*** Recorded information Section Begins ***

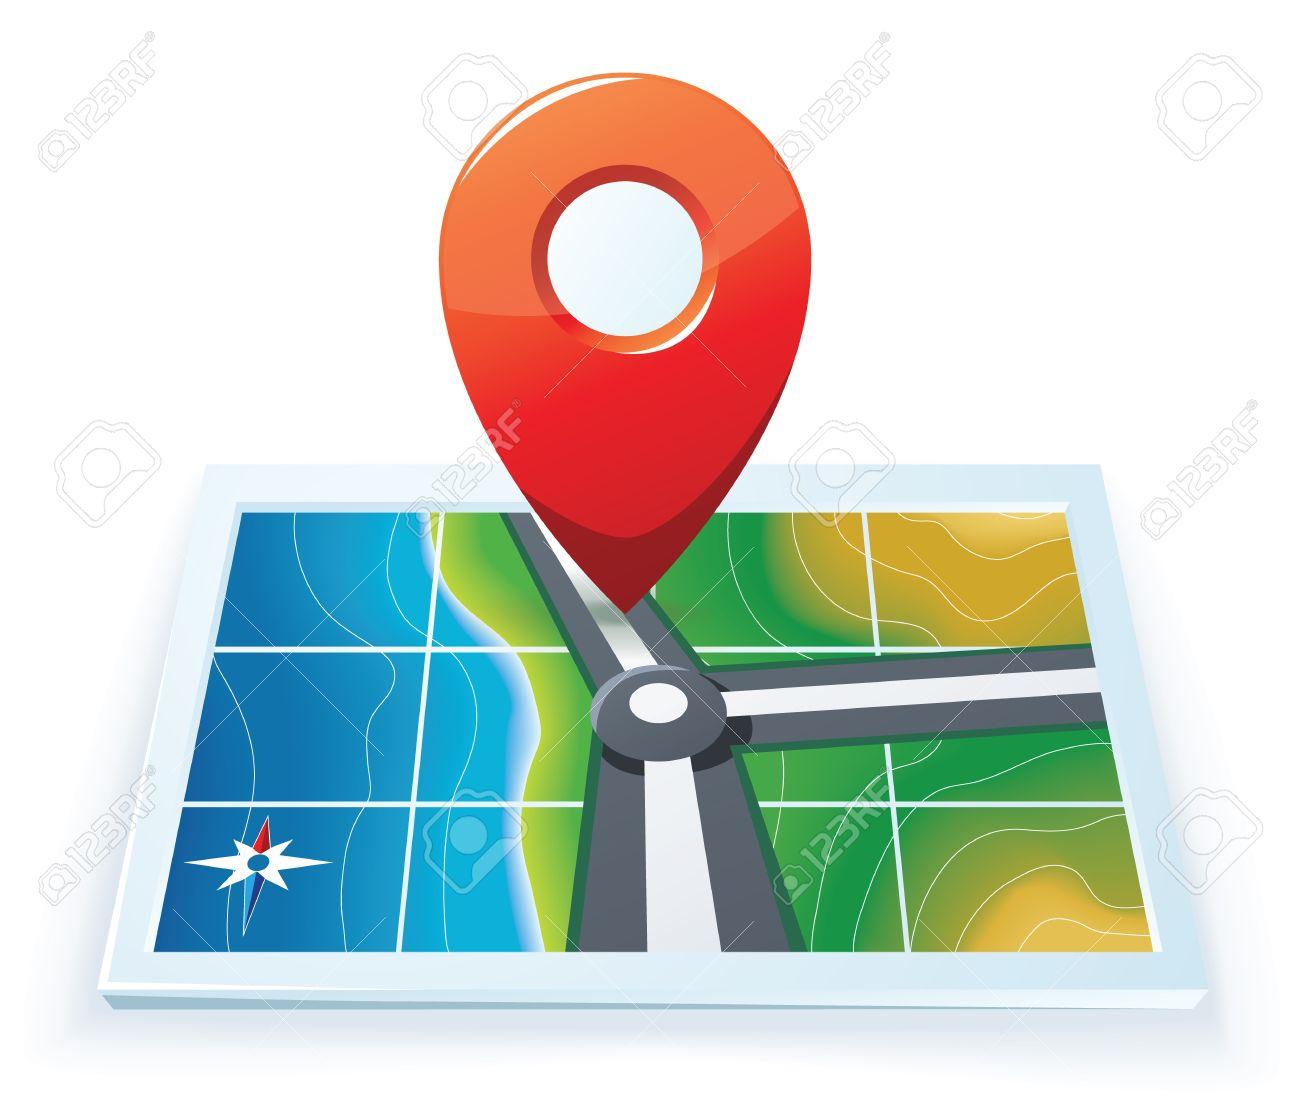 Modern gps map icon - 14965687
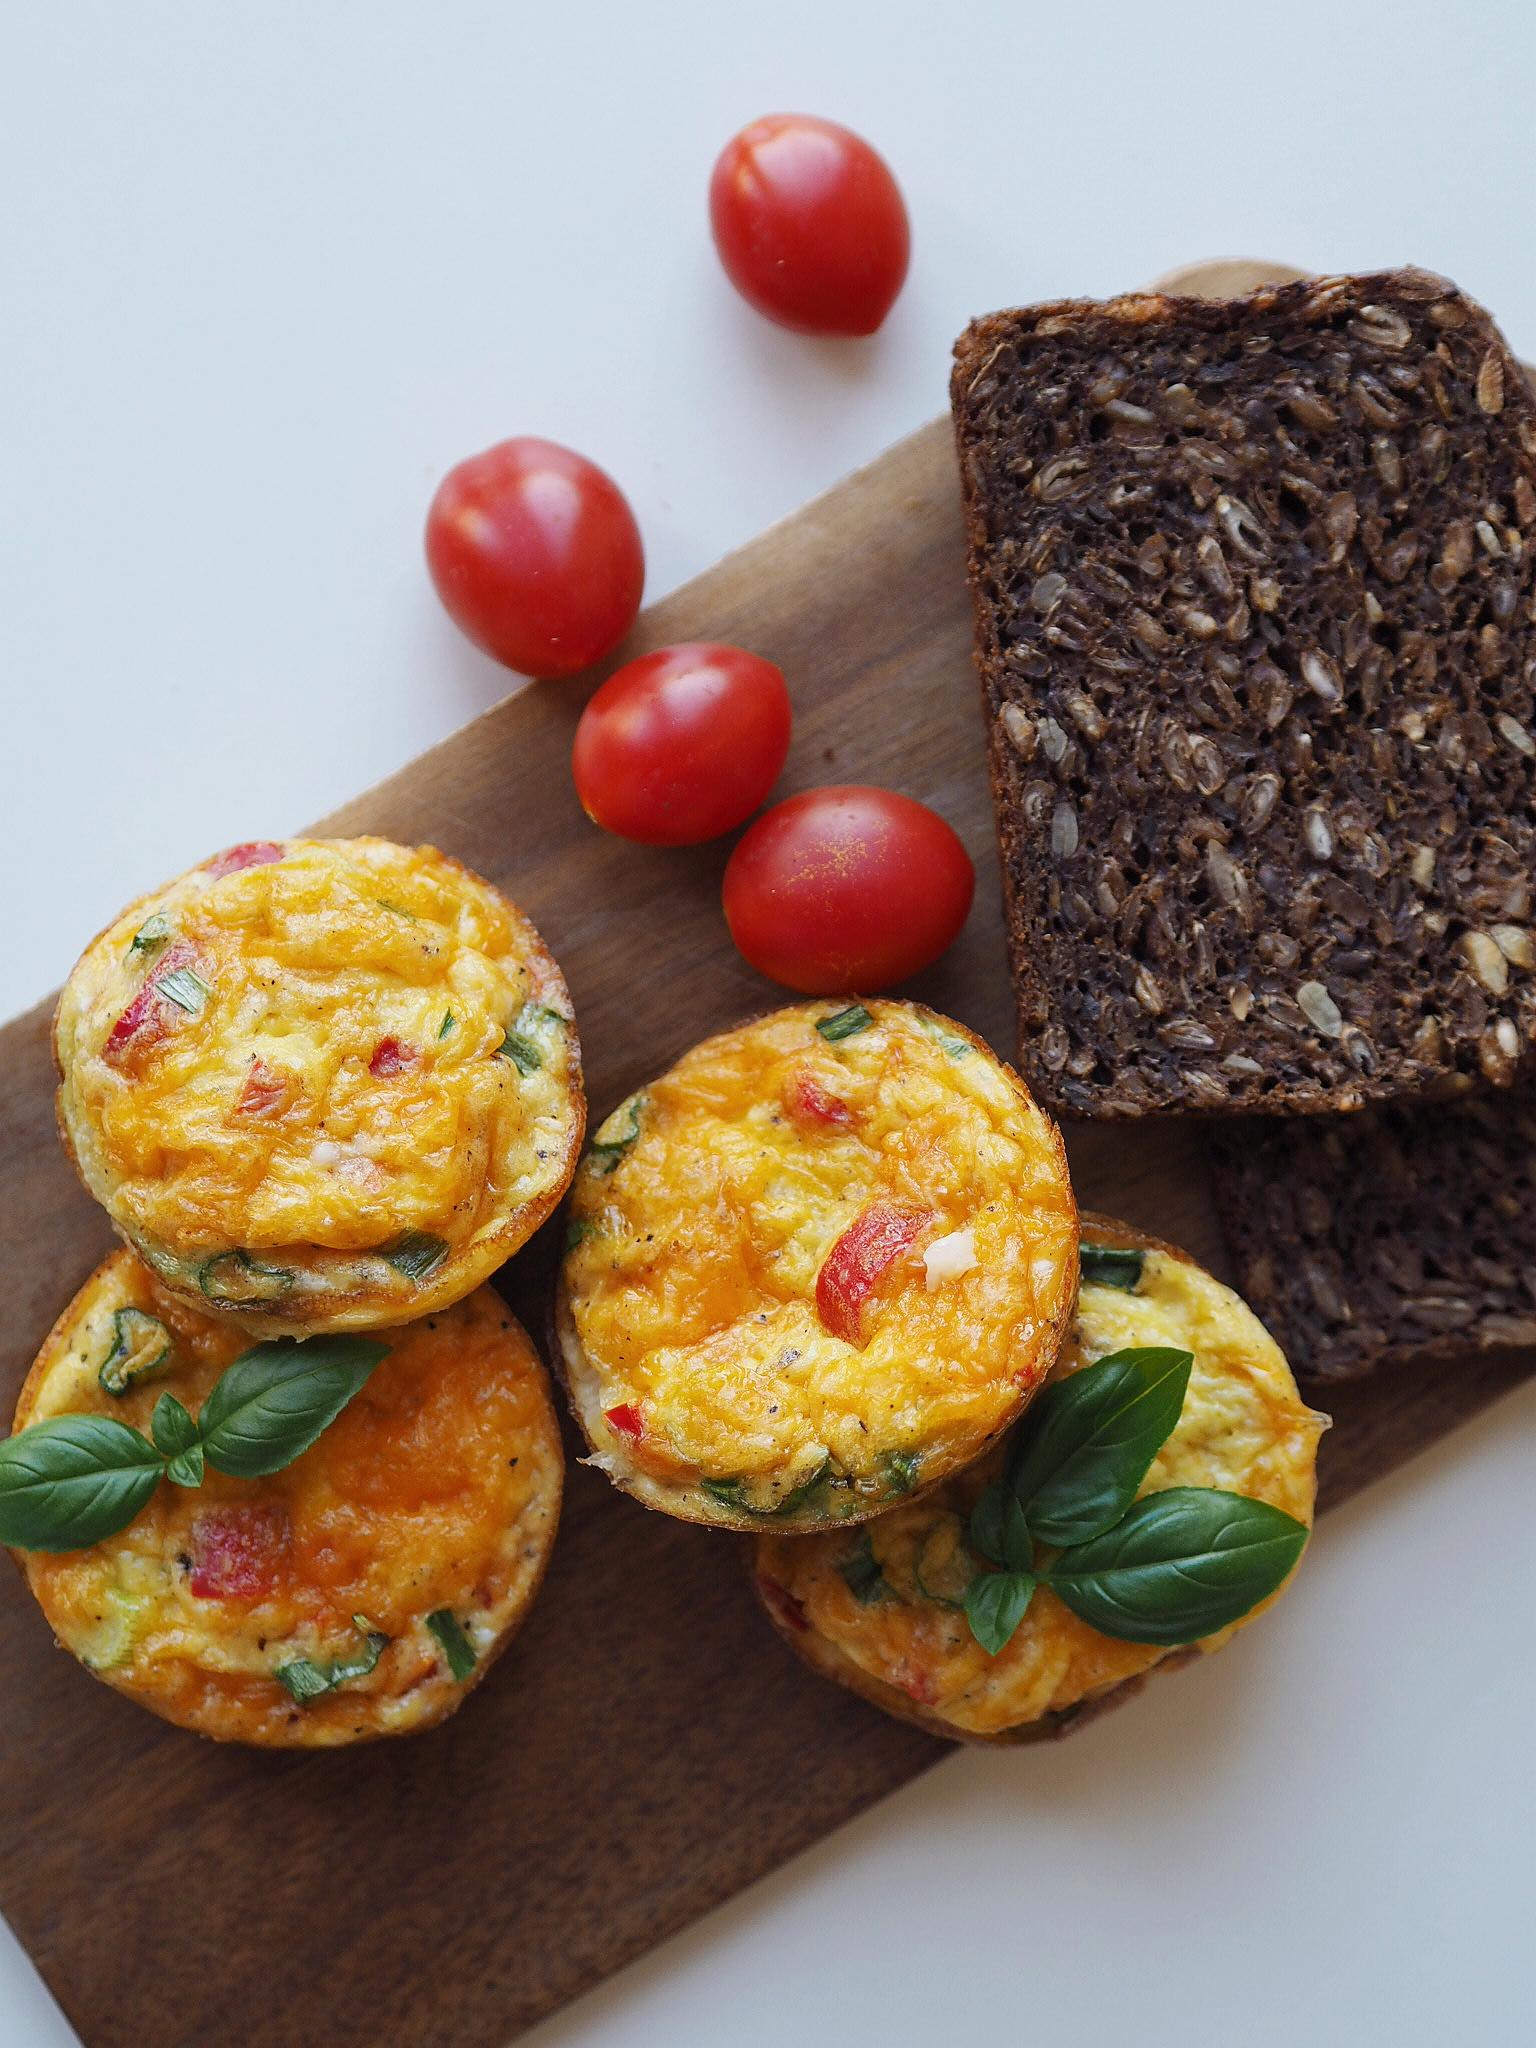 Lette små æggekager med grønt og ost
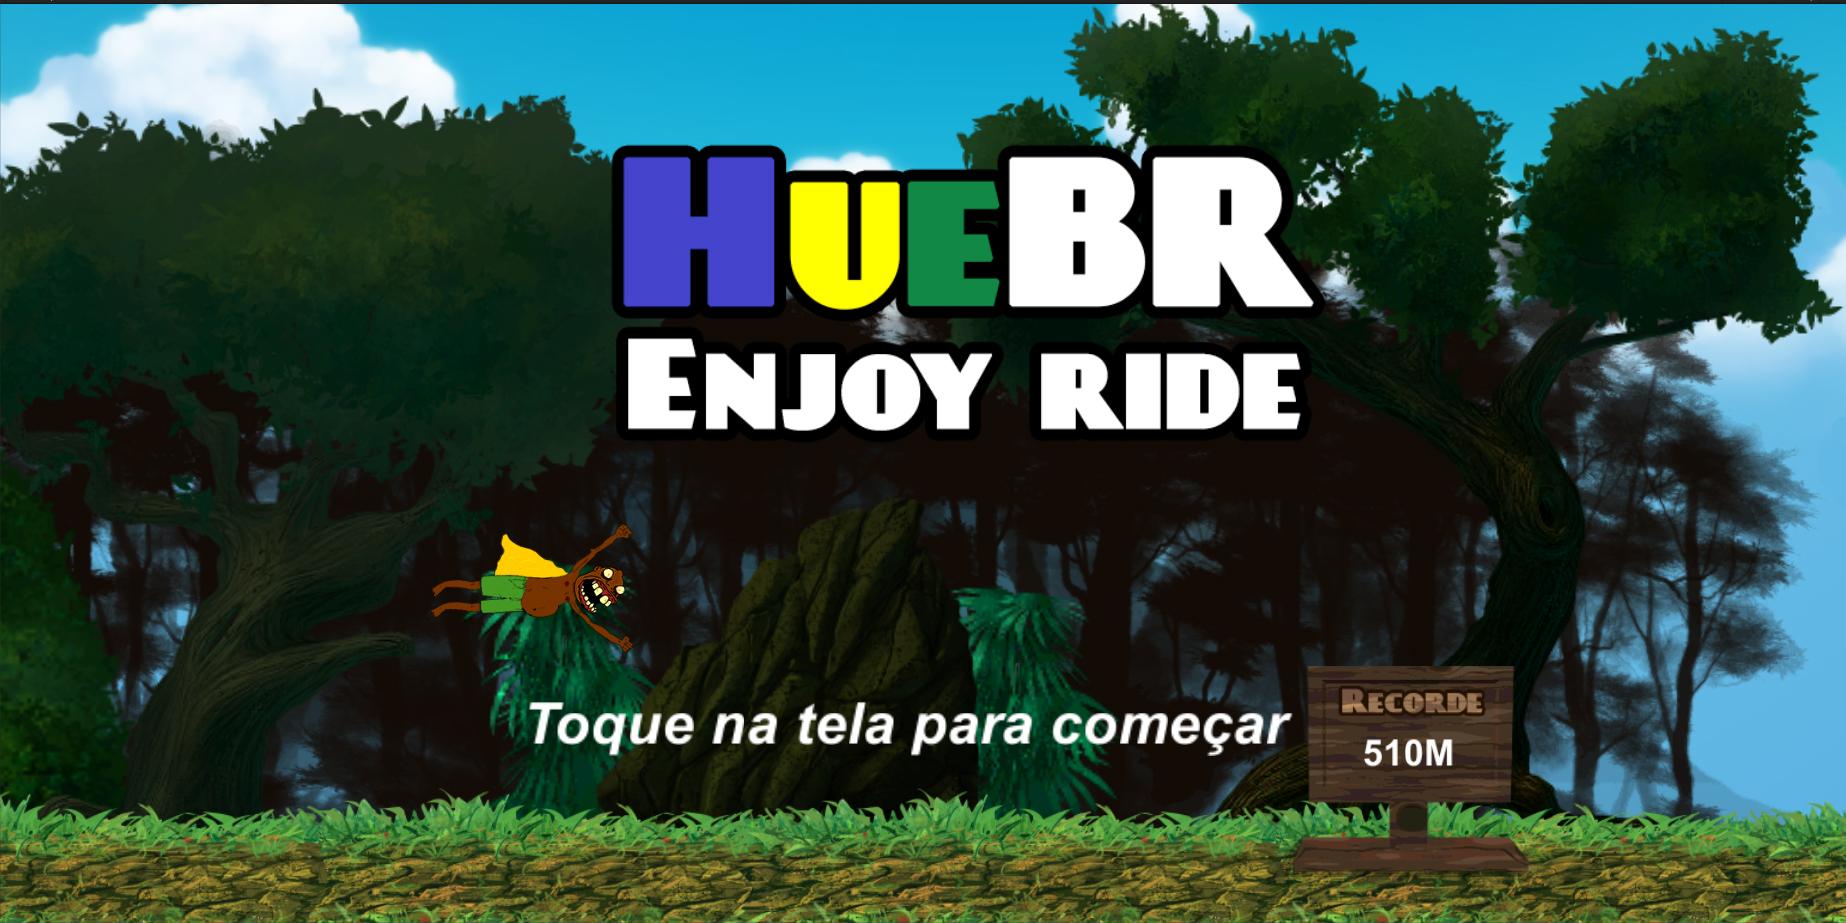 Hue BR Enjoy Ride
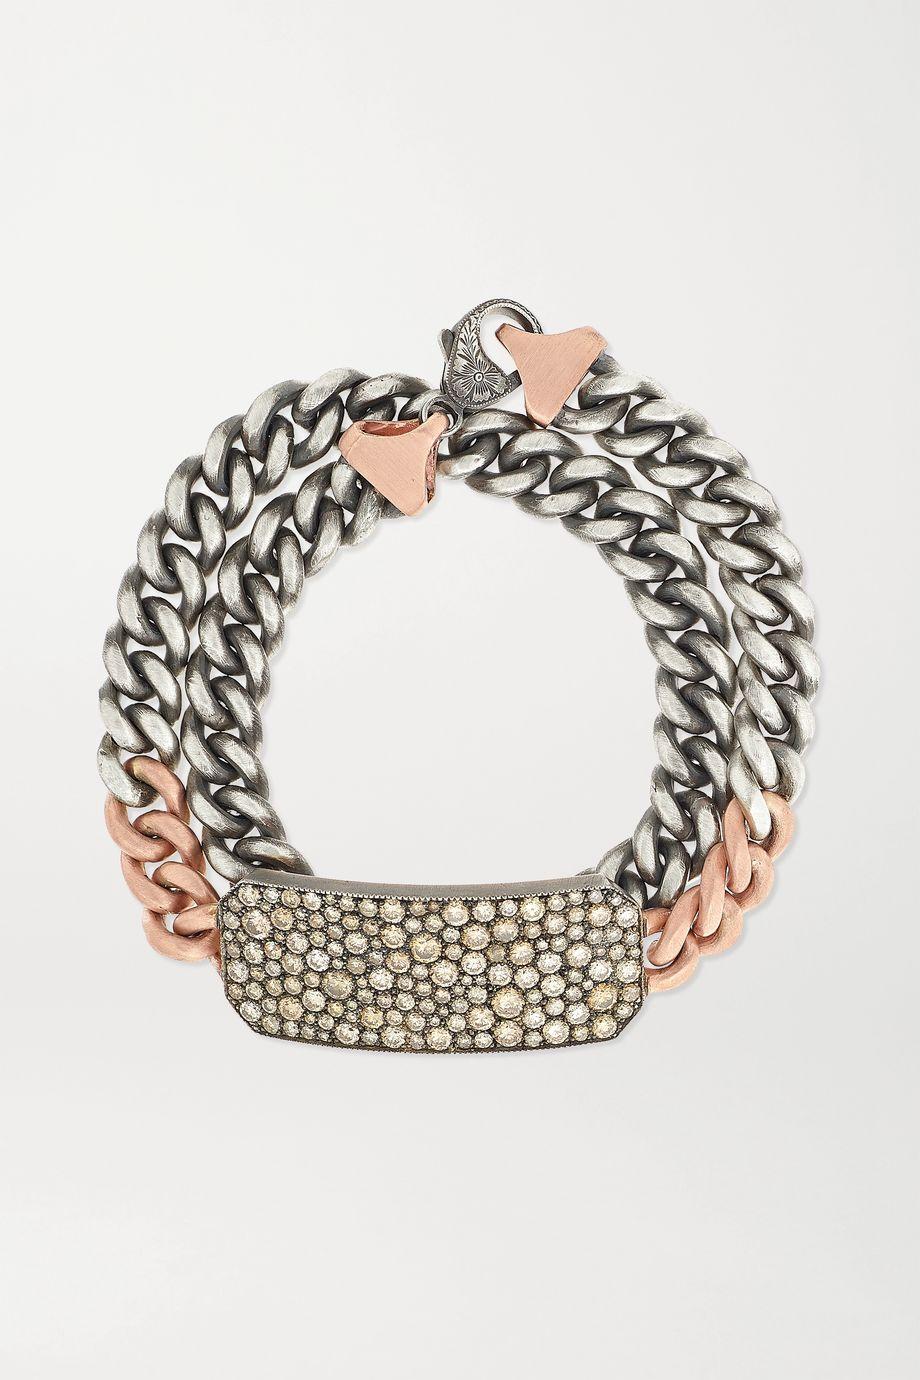 Sylva & Cie Ten Table Armband aus 14 Karat Roségold und Sterlingsilber mit Diamanten

*** Recorded information Section Ends ***

● The problem:
After removing the pictures, restate the whole listing above word for word.

● Your solution:
 Modern gps map icon - 14965687
 Lette små æggekager med grønt og ost
 Hue BR Enjoy Ride
 Sylva & Cie Ten Table Armband aus 14 Karat Roségold und Sterlingsilber mit Diamanten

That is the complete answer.